▸ What needs to be done
Output the entire listing below exactly as it stands.
- - -
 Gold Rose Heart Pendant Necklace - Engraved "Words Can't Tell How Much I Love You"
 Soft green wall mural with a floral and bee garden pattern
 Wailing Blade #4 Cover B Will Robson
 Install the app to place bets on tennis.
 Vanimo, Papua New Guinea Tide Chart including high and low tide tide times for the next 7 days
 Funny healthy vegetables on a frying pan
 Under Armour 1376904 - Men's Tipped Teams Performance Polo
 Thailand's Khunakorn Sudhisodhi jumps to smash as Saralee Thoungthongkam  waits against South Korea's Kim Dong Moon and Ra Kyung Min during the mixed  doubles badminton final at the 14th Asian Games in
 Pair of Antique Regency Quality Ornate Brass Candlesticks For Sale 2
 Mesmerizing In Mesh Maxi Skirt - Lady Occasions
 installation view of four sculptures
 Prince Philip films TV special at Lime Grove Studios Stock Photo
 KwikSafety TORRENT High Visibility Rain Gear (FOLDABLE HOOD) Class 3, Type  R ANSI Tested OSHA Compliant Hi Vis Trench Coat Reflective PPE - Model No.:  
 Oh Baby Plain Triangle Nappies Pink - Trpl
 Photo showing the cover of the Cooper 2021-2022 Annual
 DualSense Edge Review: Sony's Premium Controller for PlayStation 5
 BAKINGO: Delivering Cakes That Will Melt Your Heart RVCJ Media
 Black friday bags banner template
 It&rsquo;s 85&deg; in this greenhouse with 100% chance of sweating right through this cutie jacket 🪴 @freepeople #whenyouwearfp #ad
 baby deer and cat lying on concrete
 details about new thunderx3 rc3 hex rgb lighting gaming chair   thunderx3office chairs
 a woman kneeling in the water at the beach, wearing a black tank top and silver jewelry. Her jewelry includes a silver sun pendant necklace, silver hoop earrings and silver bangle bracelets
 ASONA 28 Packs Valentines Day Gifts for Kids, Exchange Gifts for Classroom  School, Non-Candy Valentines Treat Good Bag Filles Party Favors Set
- - -
▸ Task result
 Gold Rose Heart Pendant Necklace - Engraved "Words Can't Tell How Much I Love You"
 Soft green wall mural with a floral and bee garden pattern
 Wailing Blade #4 Cover B Will Robson
 Install the app to place bets on tennis.
 Vanimo, Papua New Guinea Tide Chart including high and low tide tide times for the next 7 days
 Funny healthy vegetables on a frying pan
 Under Armour 1376904 - Men's Tipped Teams Performance Polo
 Thailand's Khunakorn Sudhisodhi jumps to smash as Saralee Thoungthongkam  waits against South Korea's Kim Dong Moon and Ra Kyung Min during the mixed  doubles badminton final at the 14th Asian Games in
 Pair of Antique Regency Quality Ornate Brass Candlesticks For Sale 2
 Mesmerizing In Mesh Maxi Skirt - Lady Occasions
 installation view of four sculptures
 Prince Philip films TV special at Lime Grove Studios Stock Photo
 KwikSafety TORRENT High Visibility Rain Gear (FOLDABLE HOOD) Class 3, Type  R ANSI Tested OSHA Compliant Hi Vis Trench Coat Reflective PPE - Model No.:  
 Oh Baby Plain Triangle Nappies Pink - Trpl
 Photo showing the cover of the Cooper 2021-2022 Annual
 DualSense Edge Review: Sony's Premium Controller for PlayStation 5
 BAKINGO: Delivering Cakes That Will Melt Your Heart RVCJ Media
 Black friday bags banner template
 It&rsquo;s 85&deg; in this greenhouse with 100% chance of sweating right through this cutie jacket 🪴 @freepeople #whenyouwearfp #ad
 baby deer and cat lying on concrete
 details about new thunderx3 rc3 hex rgb lighting gaming chair   thunderx3office chairs
 a woman kneeling in the water at the beach, wearing a black tank top and silver jewelry. Her jewelry includes a silver sun pendant necklace, silver hoop earrings and silver bangle bracelets
 ASONA 28 Packs Valentines Day Gifts for Kids, Exchange Gifts for Classroom  School, Non-Candy Valentines Treat Good Bag Filles Party Favors Set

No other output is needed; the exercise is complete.